Захару одному понятные последовательность и закономерность
Захару одному понятные последовательность и закономерность

2. После слов реаниматолога, увозившего моего Захара на каталке на МСКТ, что, судя по анализу крови, во время судорог имела место гипоксия (кислородное голодание), невольно мне представился сын после выписки в гораздо худшем состоянии, чем есть сейчас. Мозг и так развивается не по-нашему, куда еще гипоксия? Ну, думаю, все - в туалет носить, говорить не сможет, навыки будут на нуле. Ладно, был бы жив. И тут смотри пункт один.

Собственно, это все мысли, что сидели в моей голове бесконечно долгие четыре часа, пока я не встретила реаниматолога, и тот не успокоил меня одной фразой - "Сейчас переведем" (из реанимации в палату).
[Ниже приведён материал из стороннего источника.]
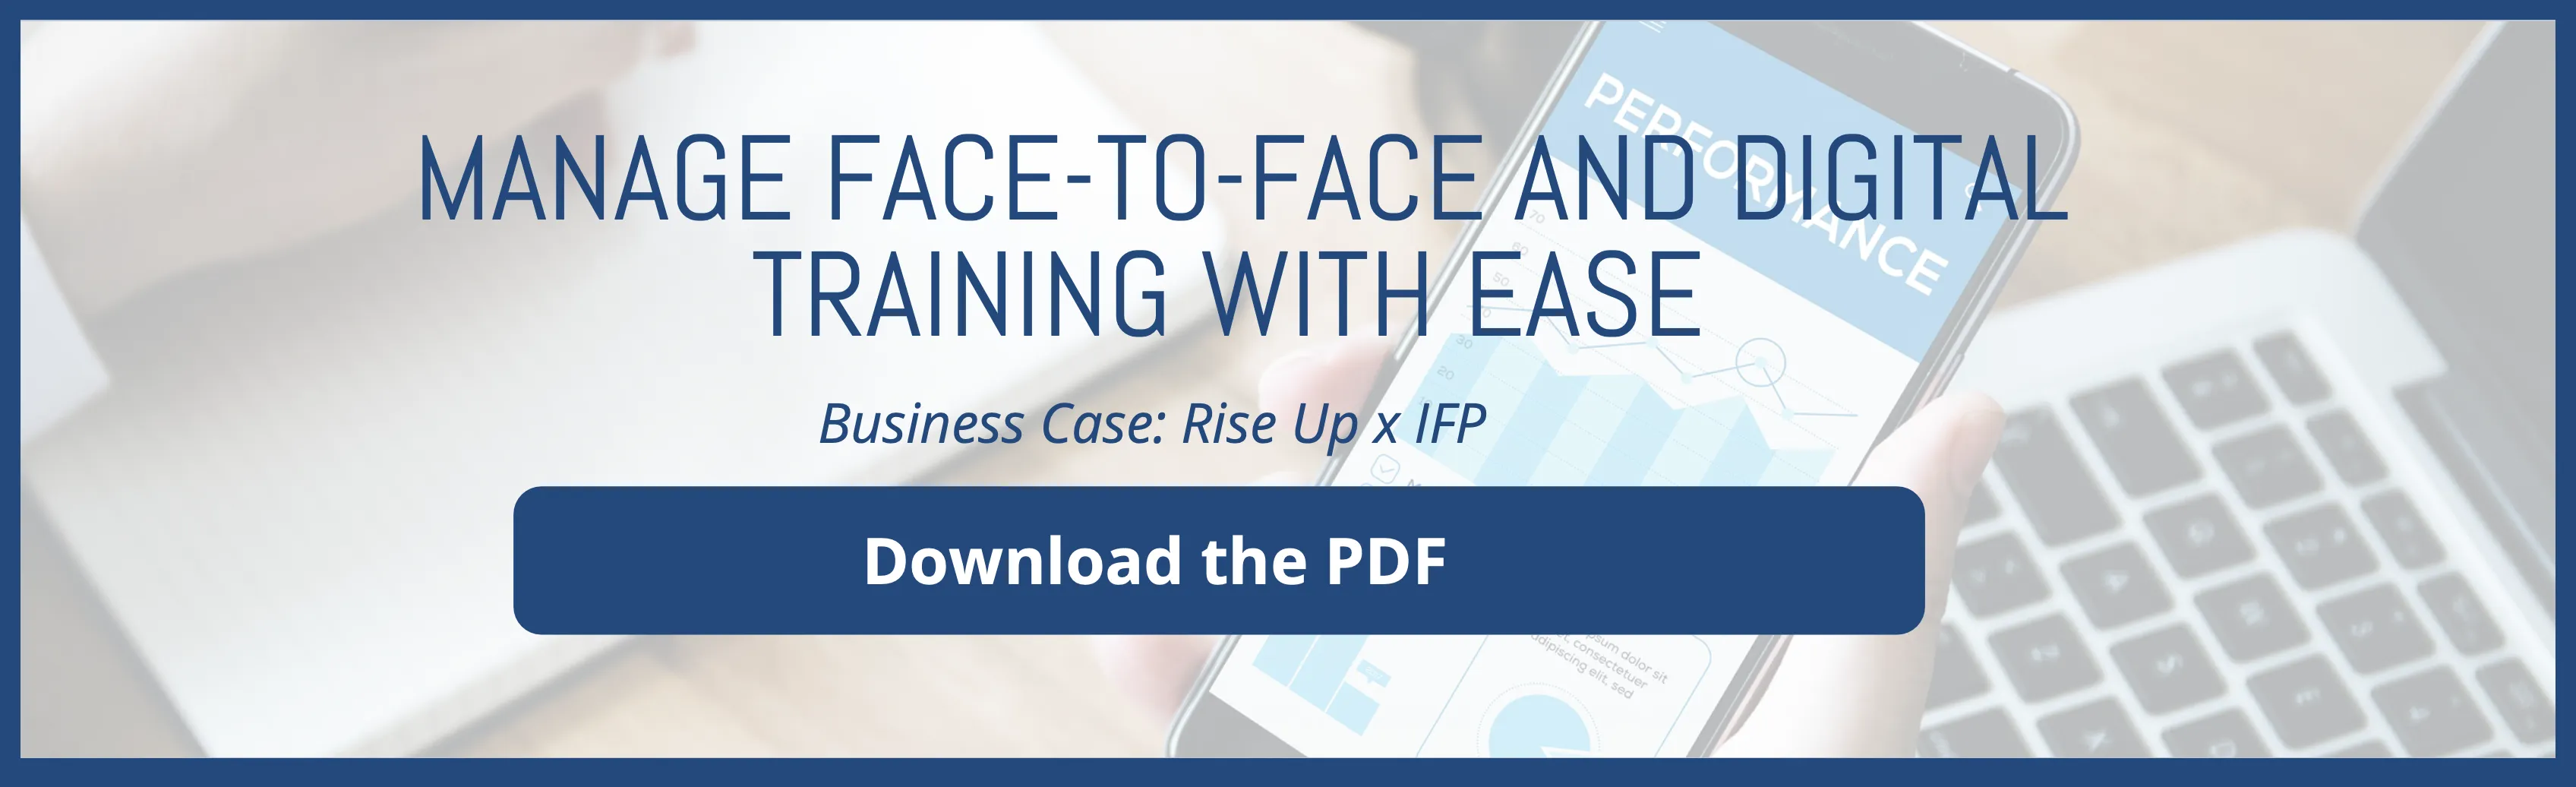 MANAGE FACE-TO-FACE AND DIGITAL TRAINING with ease BUSINESS CASE: Rise Up x IFP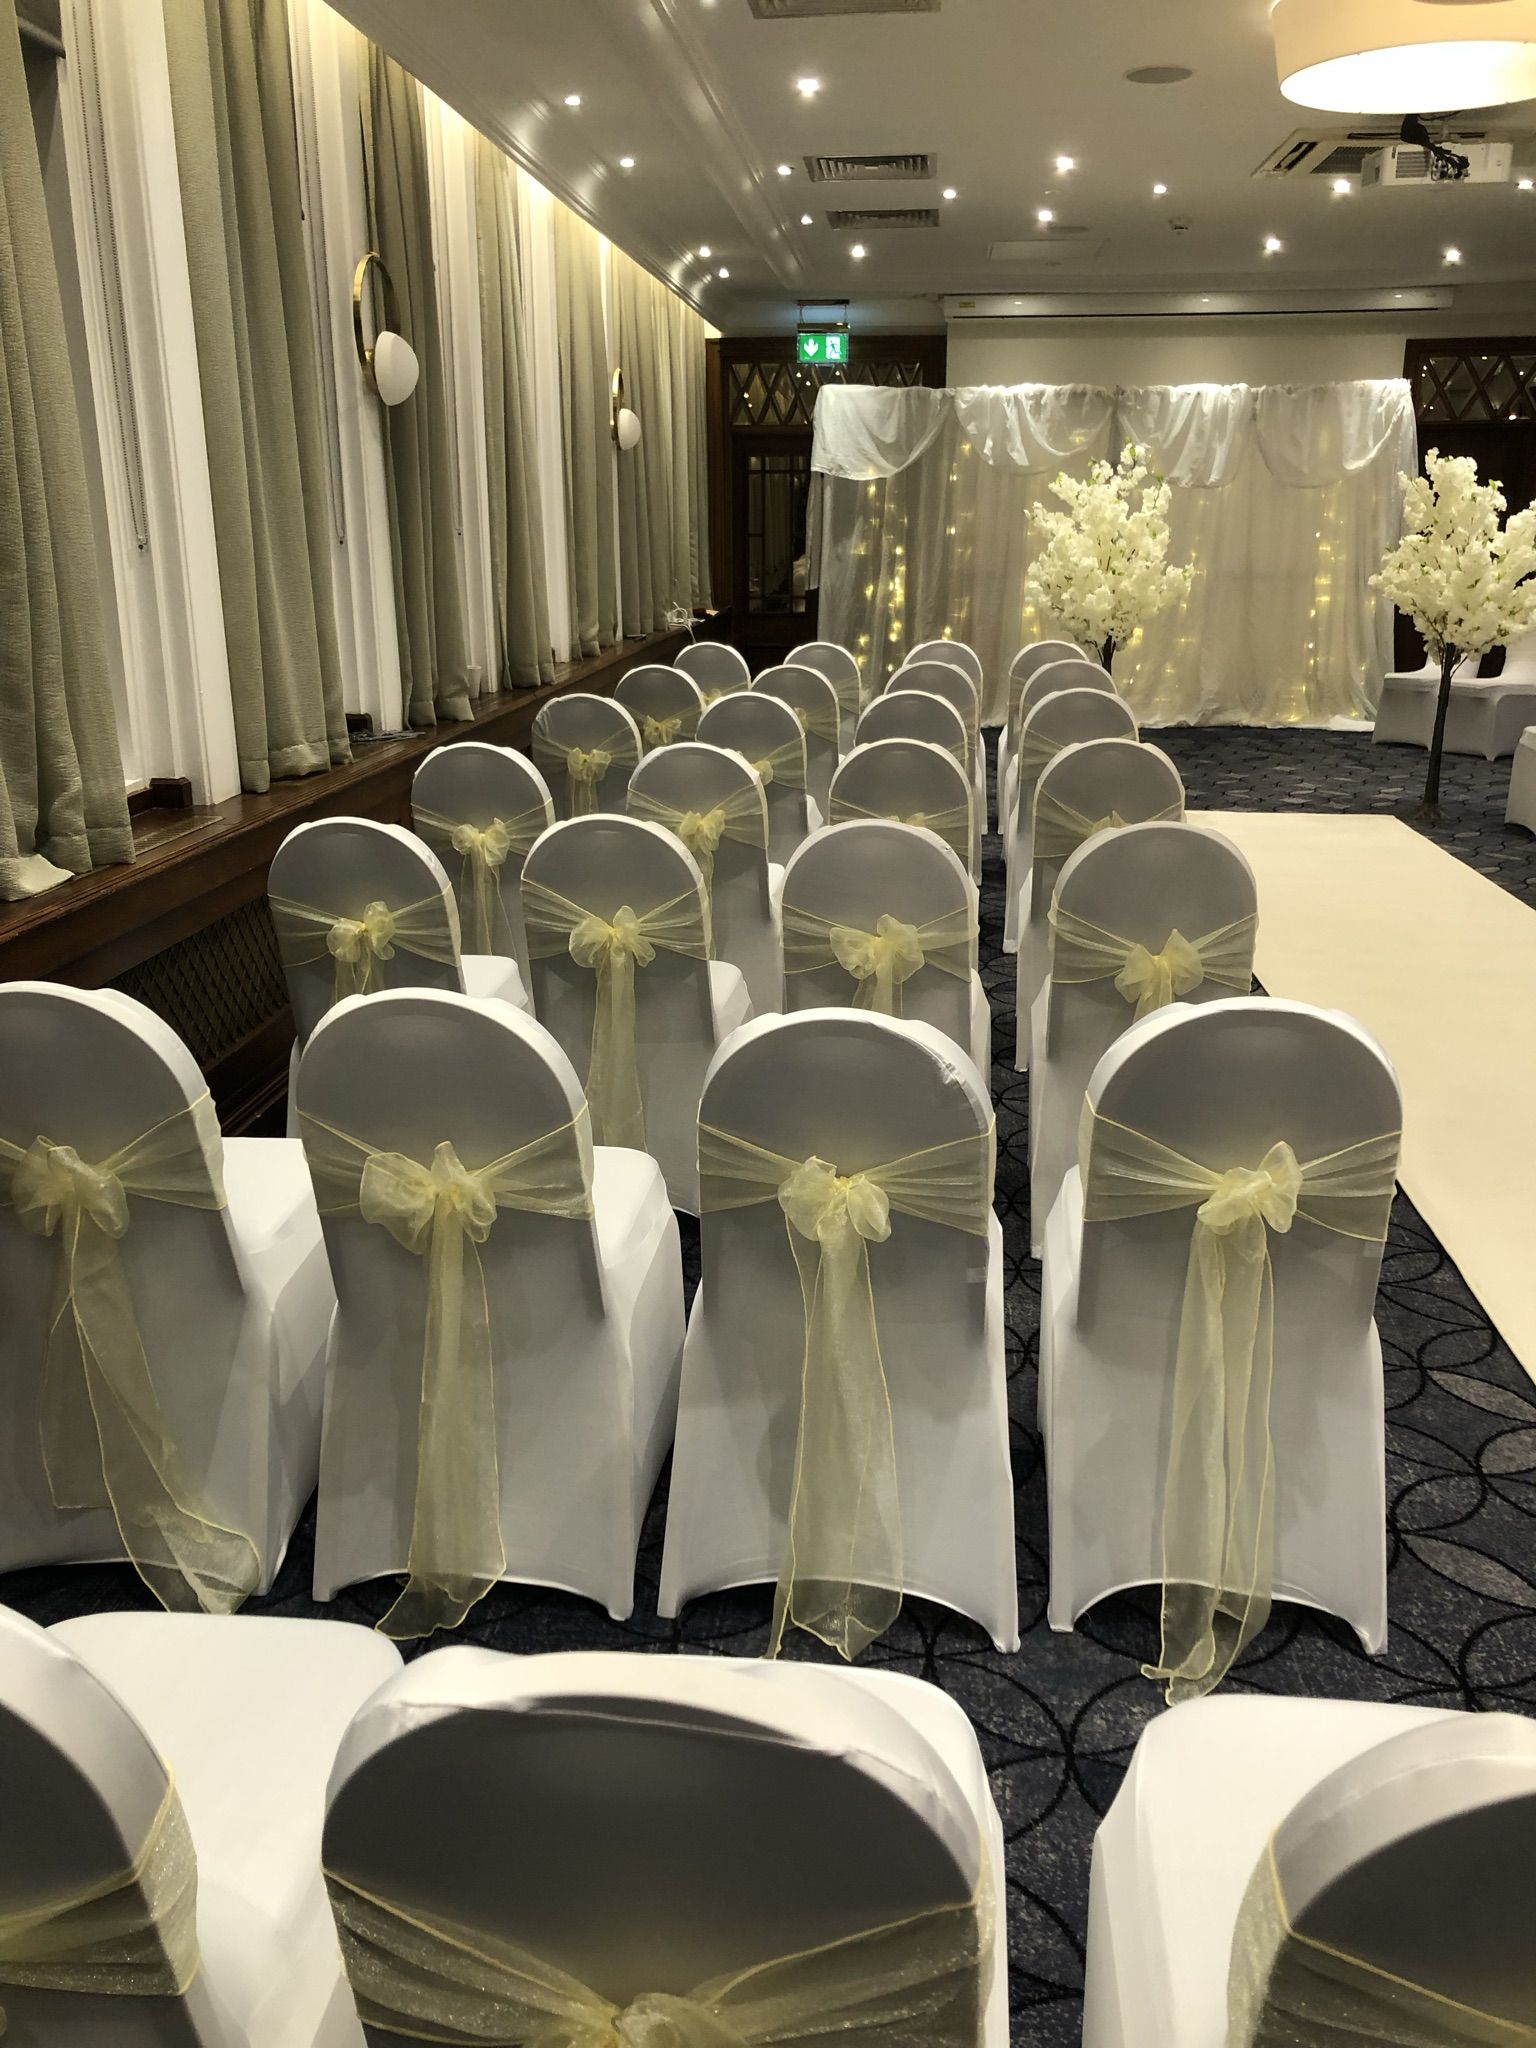 rows of white chairs with yellow sashes and bows.

Я спросила, все ли (хорошо не смогла выдавить)... Ему лучше? - Да, - ответил врач. Когда Захар к ночи заснул, особо и не дав мне понять, стало ли ему хуже, реаниматолог заглянул в палату и спросил, разговаривал ли Захар со мной. Я откровенно растерялась. "Мама, почему на стене вентилятор серый?" - а там вообще окромя трубы отопления нет ничего на этой треклятой стене! Можно ли это назвать разговором? Повышение голоса, своеобразная интонация и вопрос о вентиляторе.

Не сильно вдаваясь в подробности, я объяснила доктору, что в этом смысле сложно дать оценку состоянию ребенка, но глазами сын меня узнал - я смотрела в окно палаты, ведущее в коридор, когда Захарку на каталке везли в следующую палату, и встретилась с его глазенками. Узнал. Факт. Слабенький, замученный, беленький весь, дребедень несущий сильнее, чем состоянии радости в обычный день, но с осознанным взглядом моих карих.

Выписавшись из больницы и придя более или менее в себя, вечером следующего за выпиской дня я спросила мужа, что бы сделал он, если бы пять дней назад Захарка не вернулся из коматозного состояния. Зачем спрашивала? Наступала на больную мозоль своих мыслей. Муж ответил, почти не раздумывая: "Ну, уж точно это не повод с моста прыгать". И, видя мое молчание, сухо и твердо добавил: "У тебя дочь растет".

Вот Вам и разница в восприятии. Строго говоря, муж, вероятно, прав, но чужой правотой свои эмоции не залепишь.

В общем-то, поведение Захара стало за время вынужденного домоседства и пребывания в больнице полевым-преполевым и из рук вон, но это, надеюсь, единственно пострадавший аспект. С сестрой кое-как общается, со мной ругается, пытаясь гнуть свою линию и показывать свое "я", хоть так, но коммуницирует. Внешний мир как и прежде Захара не цепляет.